[WORK INSTRUCTIONS]
In your copy of the data, omit the pictures and keep all else exactly as given.
*** DATASET EXTRACT Section Begins ***
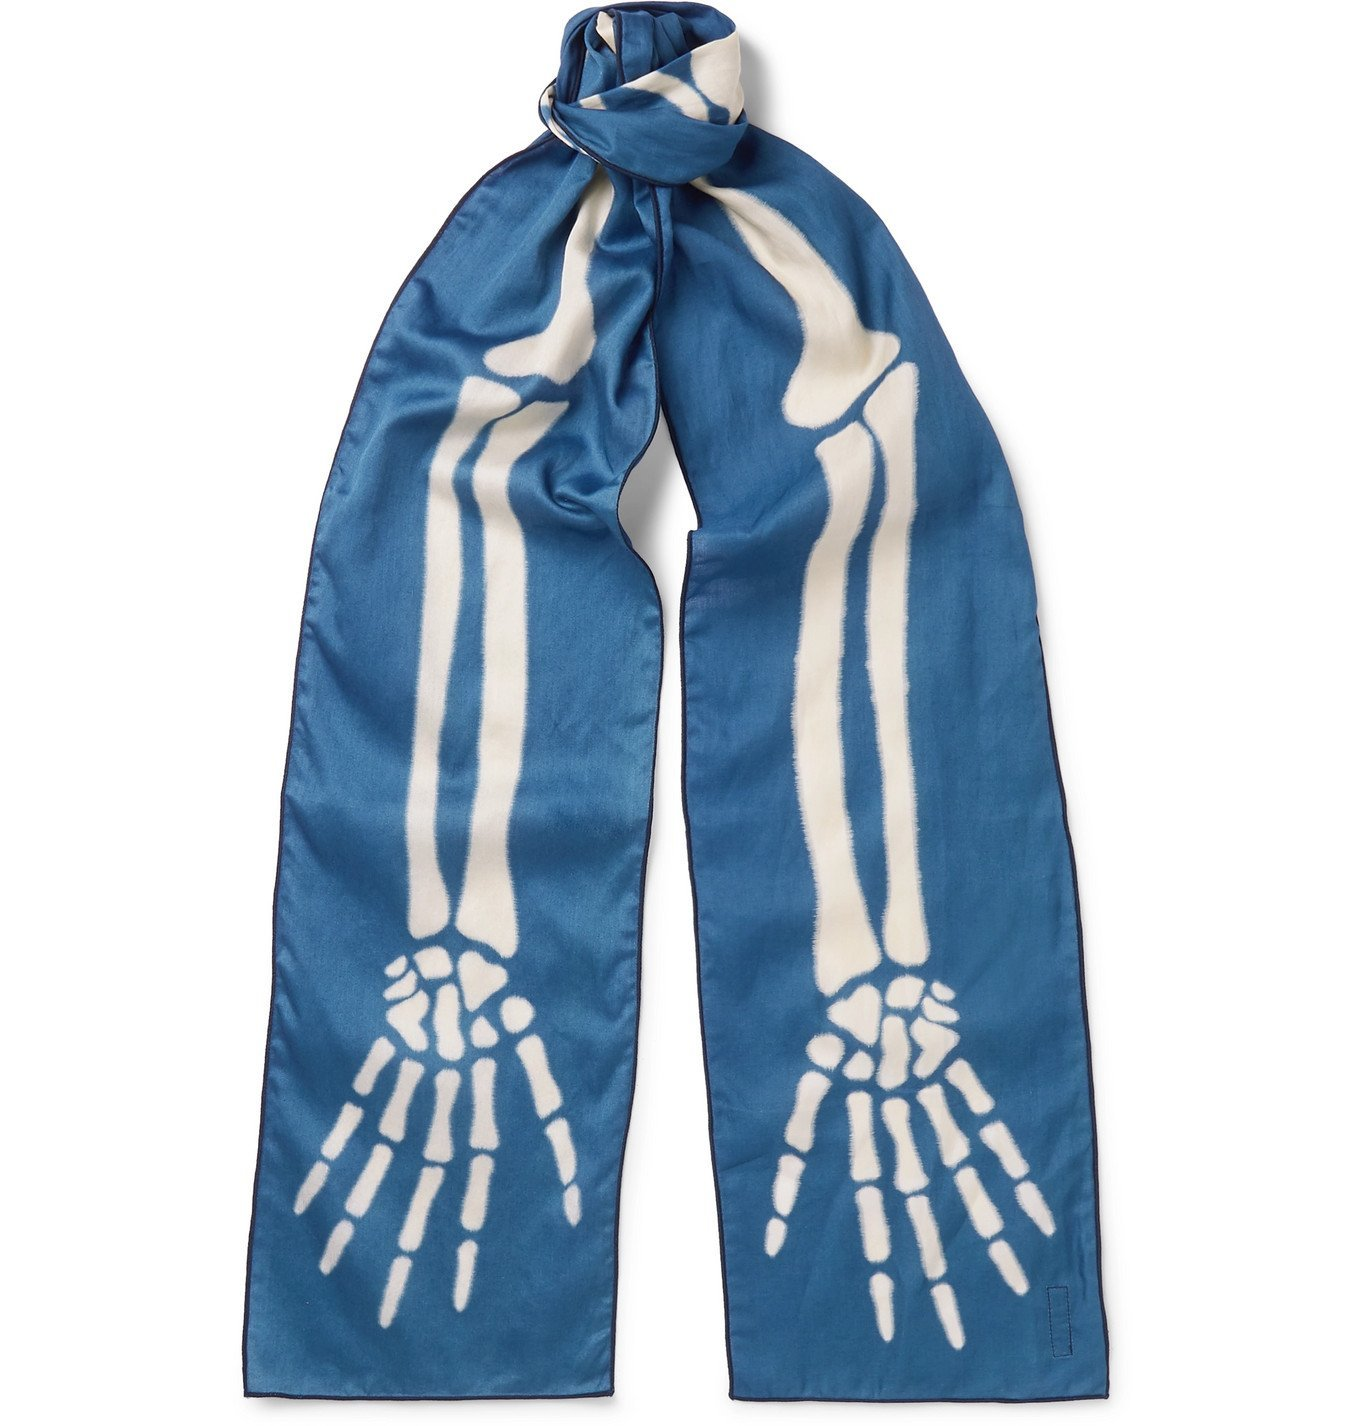 KAPITAL - Printed Cotton-Gauze Scarf - Blue
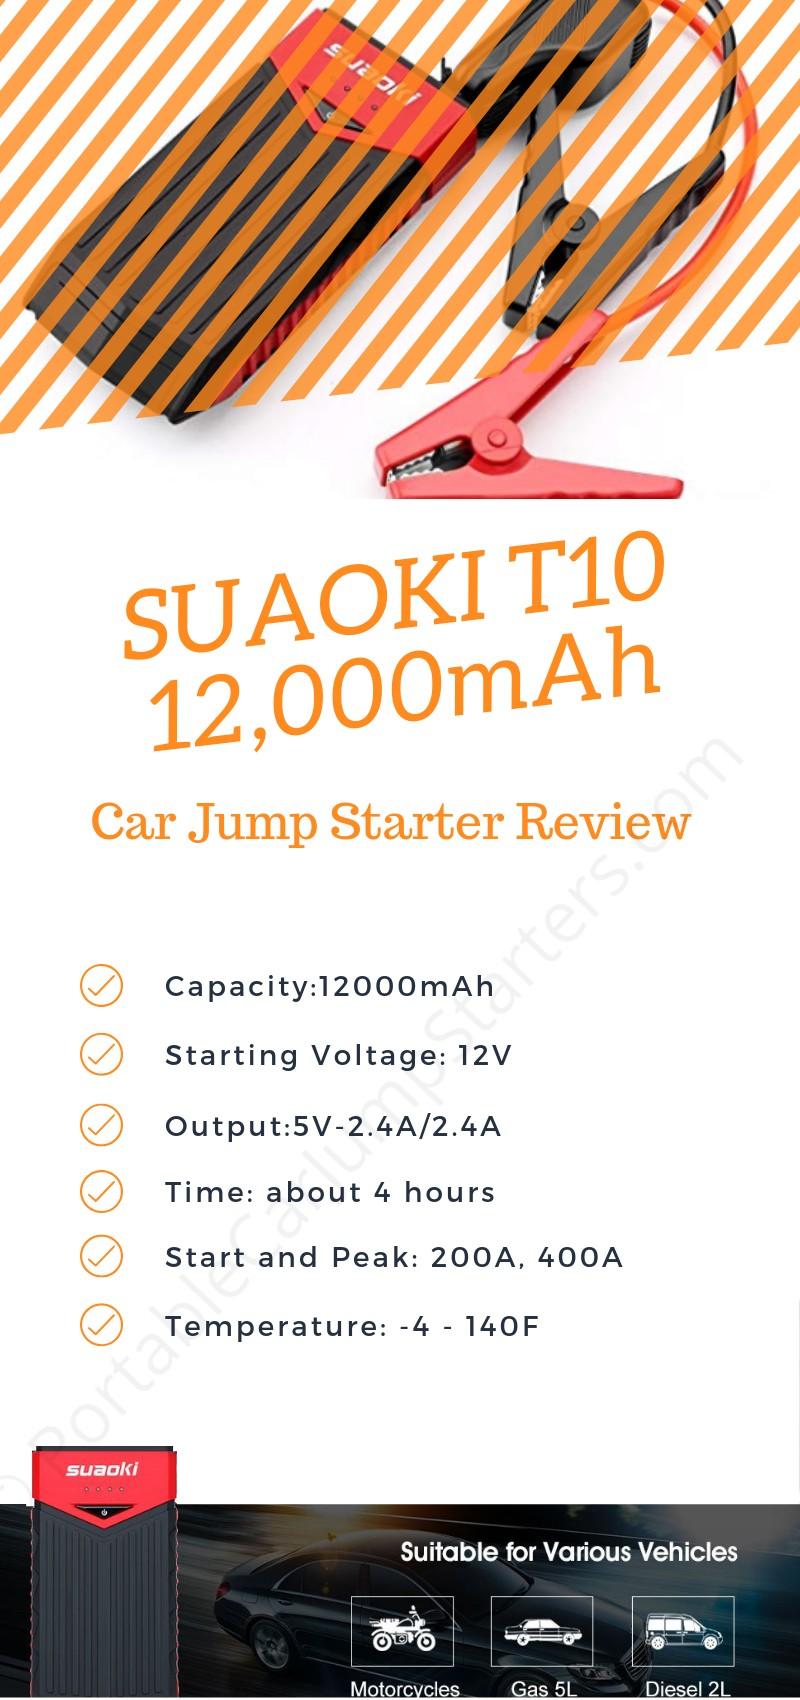 SUAOKI T10 400A 12,000mAh Car Jump Starter Reviews 2019
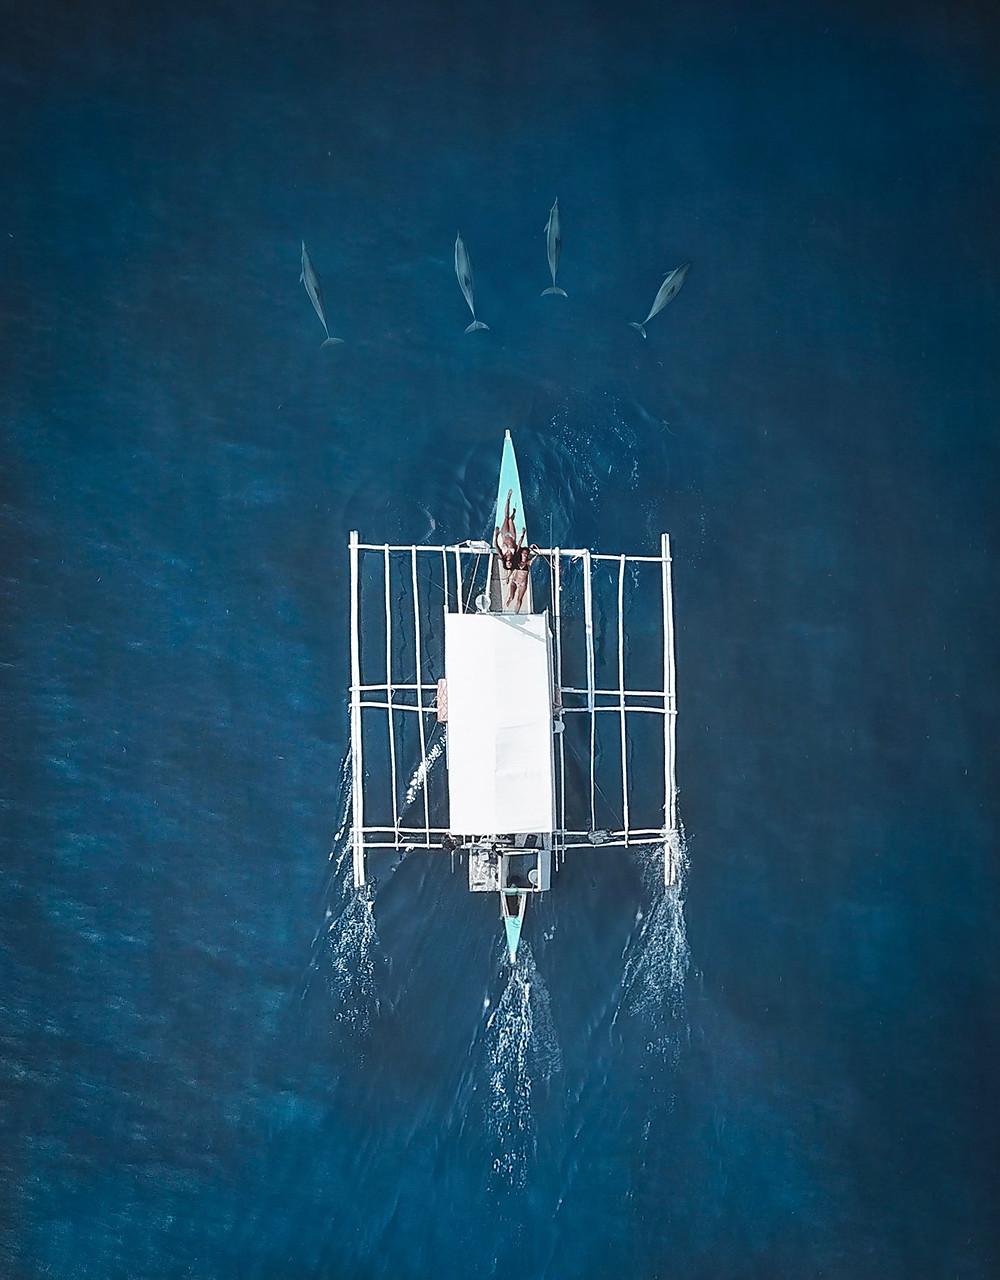 Dolphin Watching and Manjuyod Sandbar | On Airplane Mode
*** DATASET EXTRACT Section Ends ***
[REPLY]
 KAPITAL - Printed Cotton-Gauze Scarf - Blue
 SUAOKI T10 400A 12,000mAh Car Jump Starter Reviews 2019
 Dolphin Watching and Manjuyod Sandbar | On Airplane Mode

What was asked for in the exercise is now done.